START EXCERPTED RECORDS
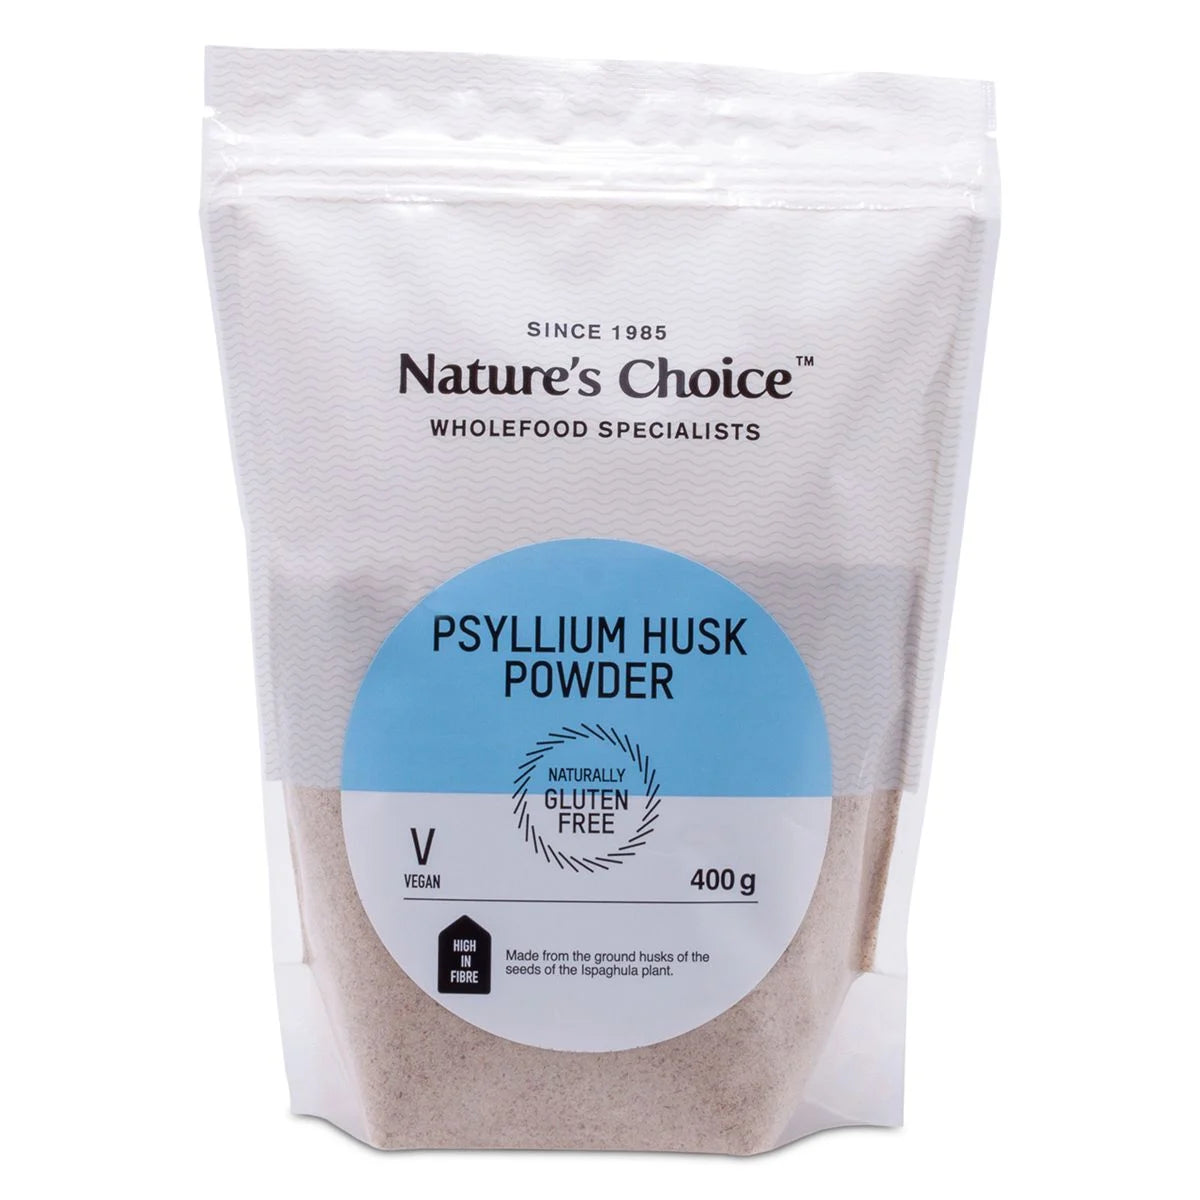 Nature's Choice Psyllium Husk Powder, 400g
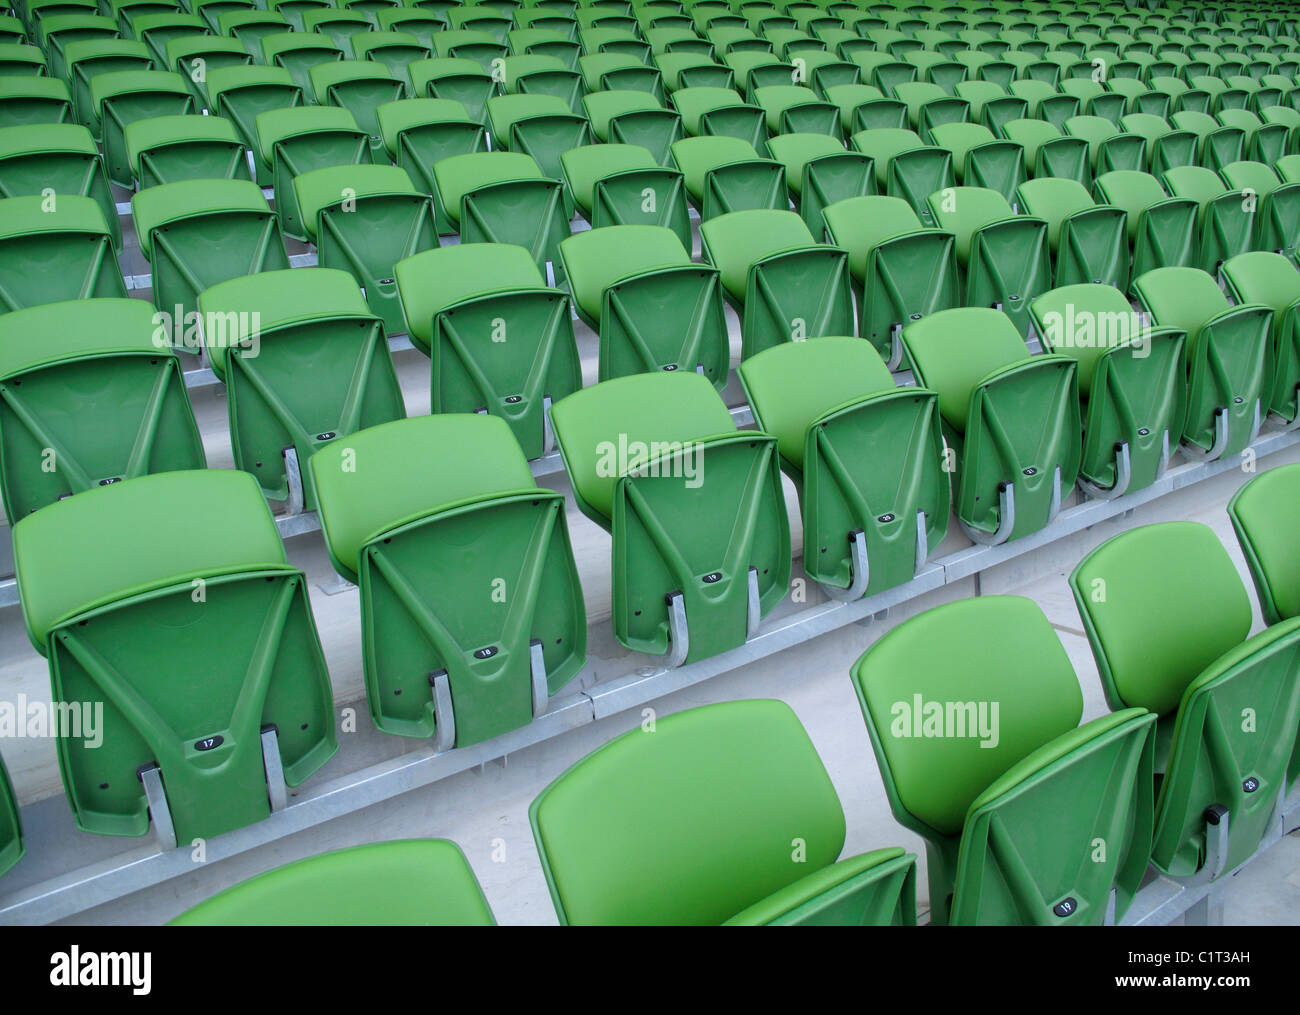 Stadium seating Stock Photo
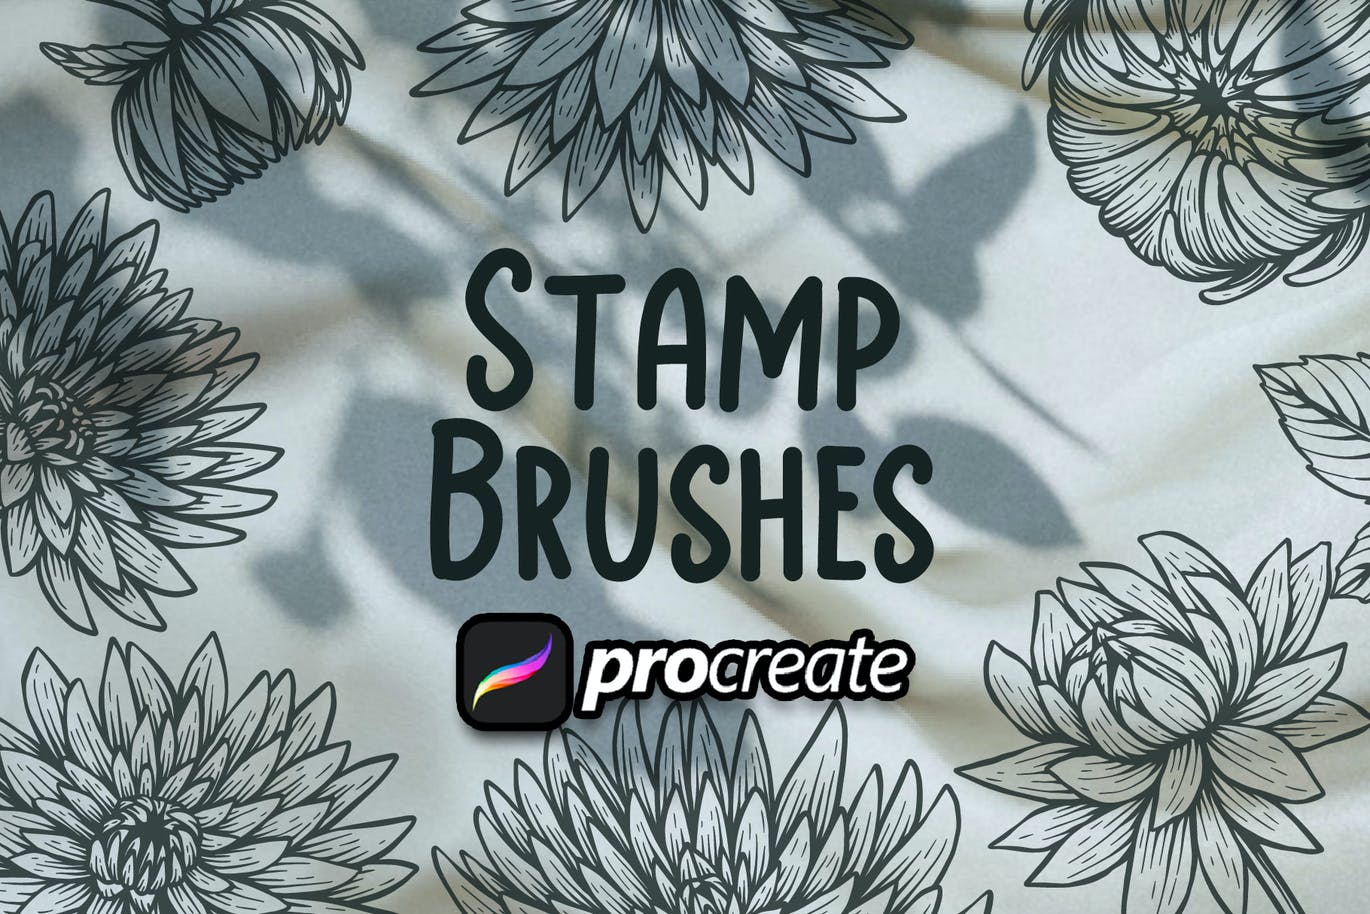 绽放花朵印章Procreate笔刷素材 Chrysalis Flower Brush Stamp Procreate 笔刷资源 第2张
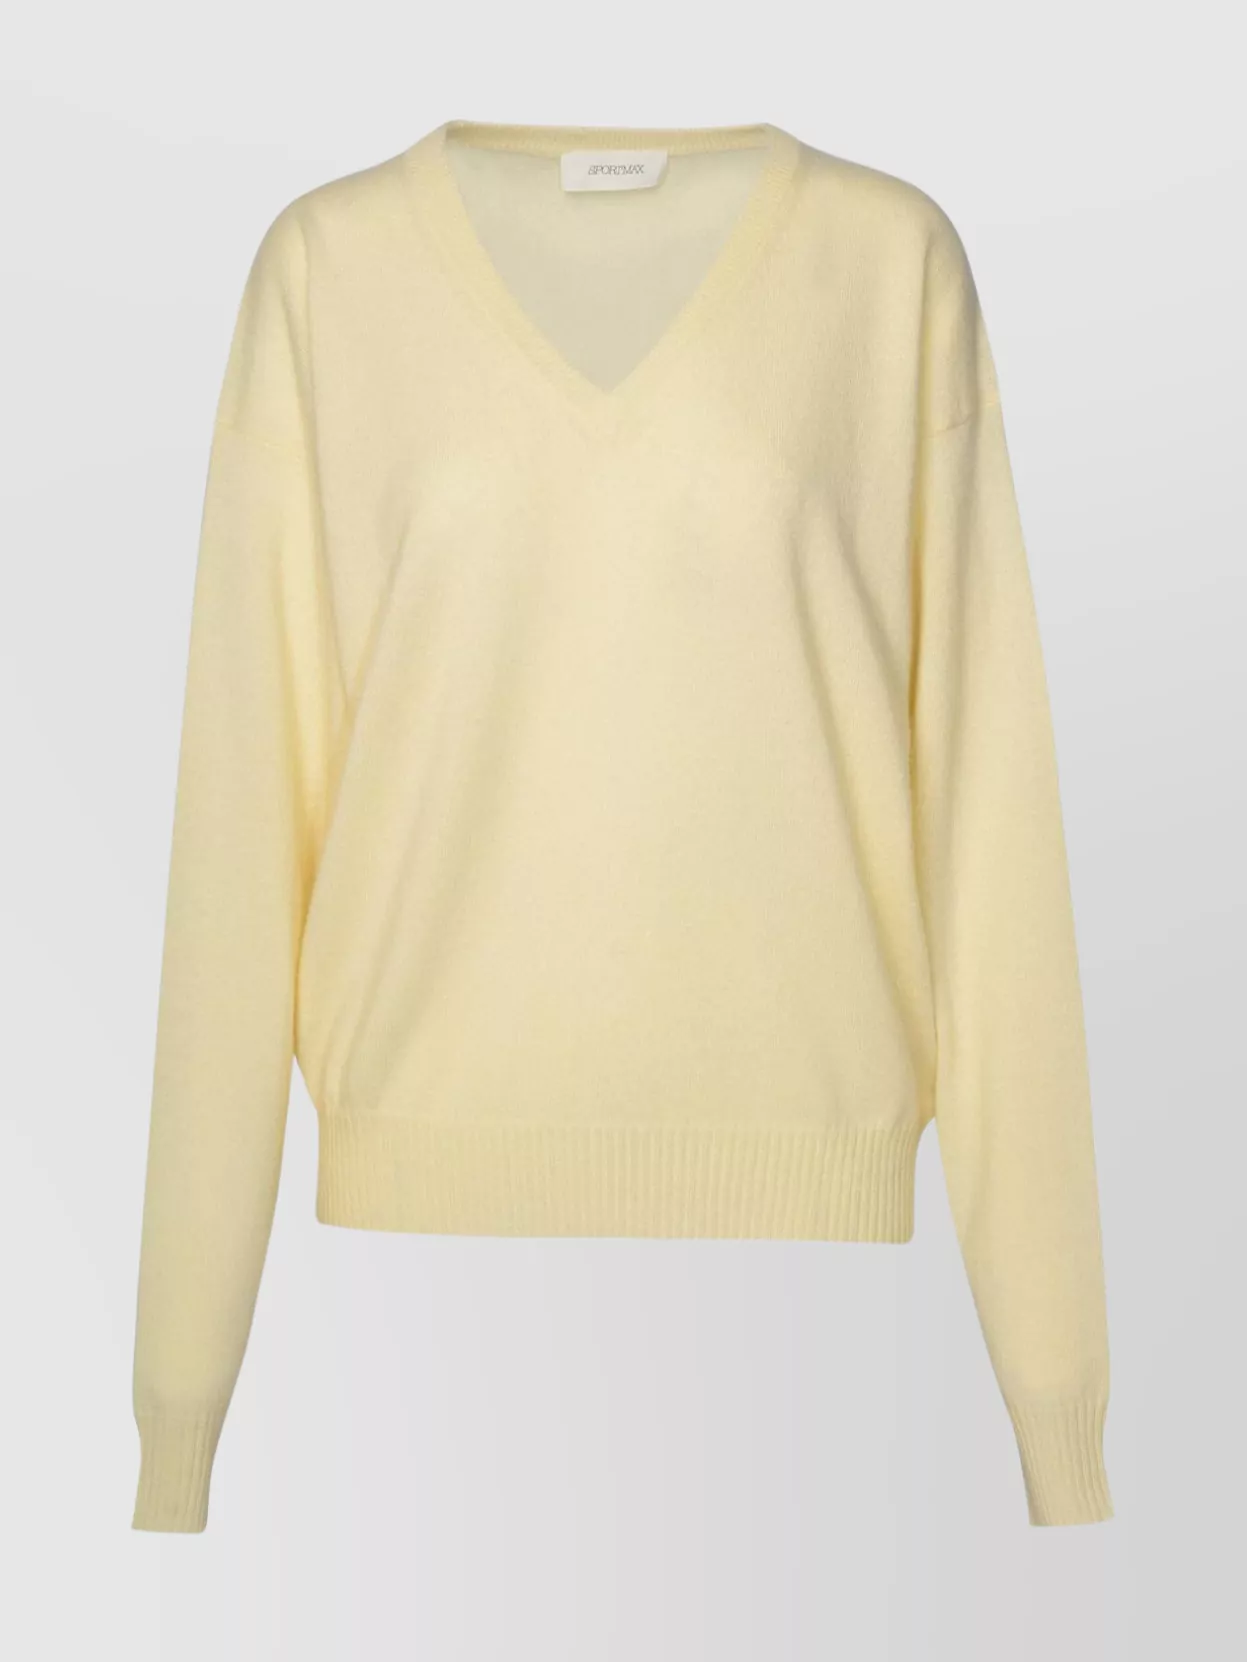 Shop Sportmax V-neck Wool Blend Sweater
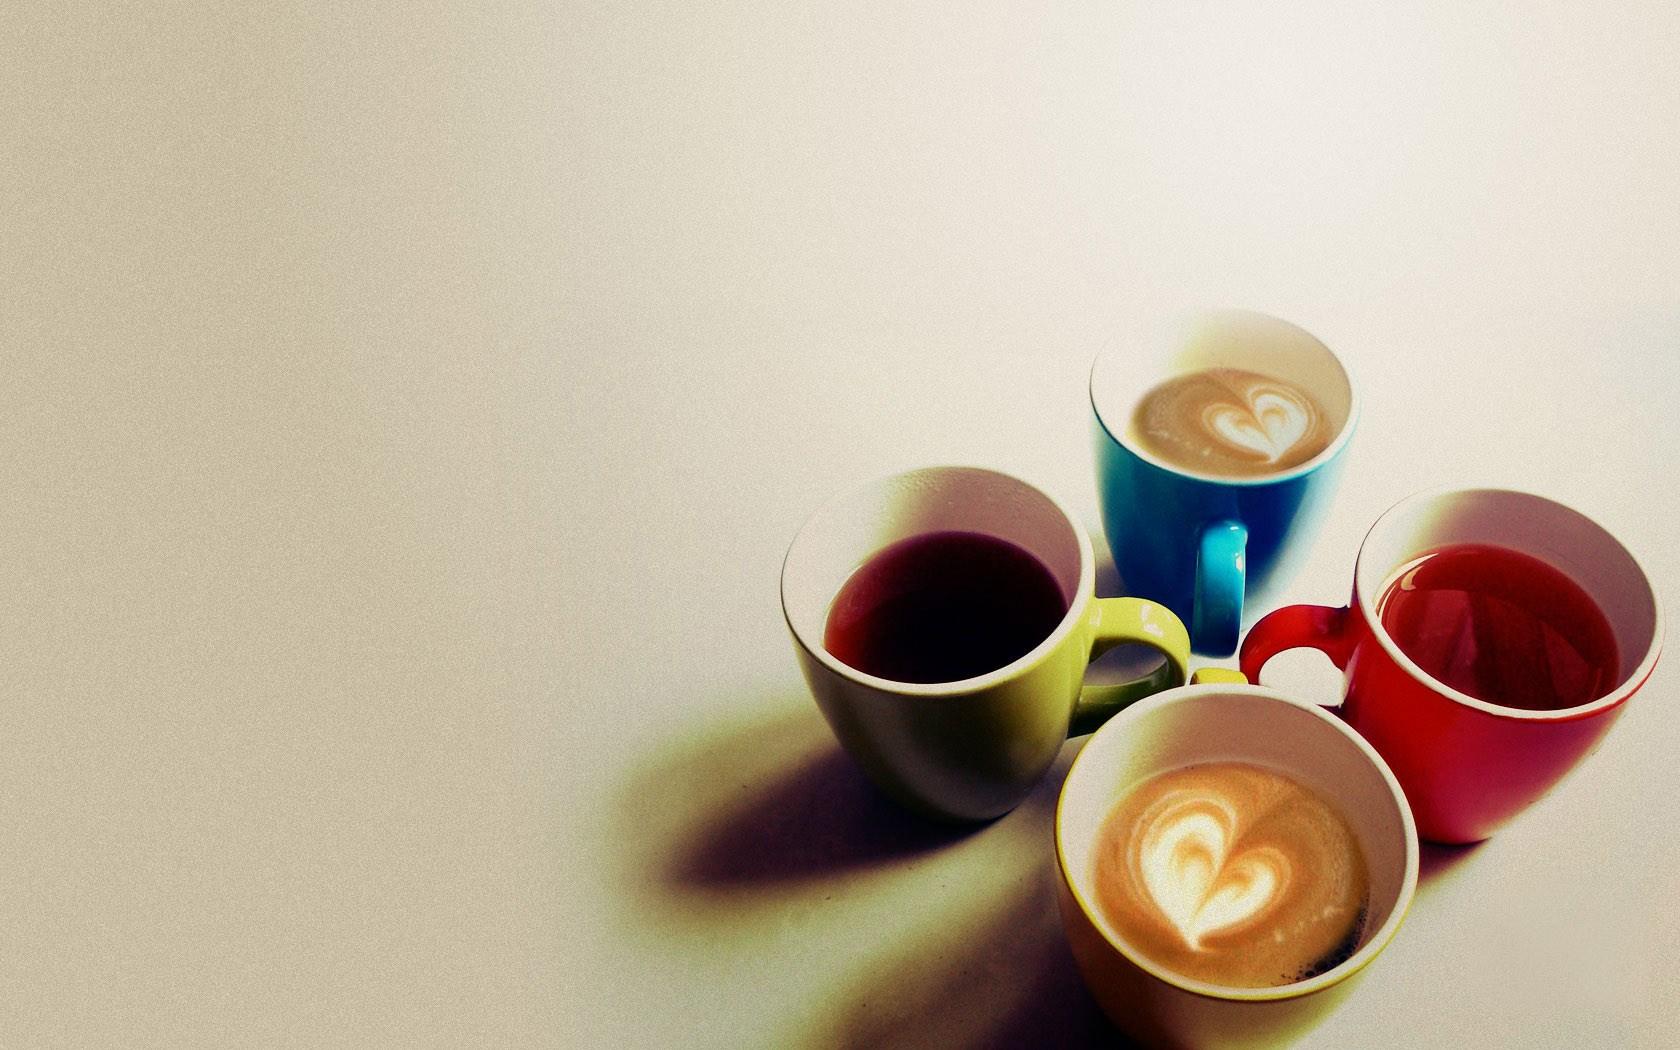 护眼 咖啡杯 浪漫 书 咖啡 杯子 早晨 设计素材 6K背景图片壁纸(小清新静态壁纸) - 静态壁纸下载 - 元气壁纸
END EXCERPTED RECORDS
**EXERCISE AIM:** Everything in the entries above, apart from the images, should be printed exactly.

**ANSWER AREA:**
 Nature's Choice Psyllium Husk Powder, 400g
 Stadium seating Stock Photo
 绽放花朵印章Procreate笔刷素材 Chrysalis Flower Brush Stamp Procreate 笔刷资源 第2张
 Shop Sportmax V-neck Wool Blend Sweater
 护眼 咖啡杯 浪漫 书 咖啡 杯子 早晨 设计素材 6K背景图片壁纸(小清新静态壁纸) - 静态壁纸下载 - 元气壁纸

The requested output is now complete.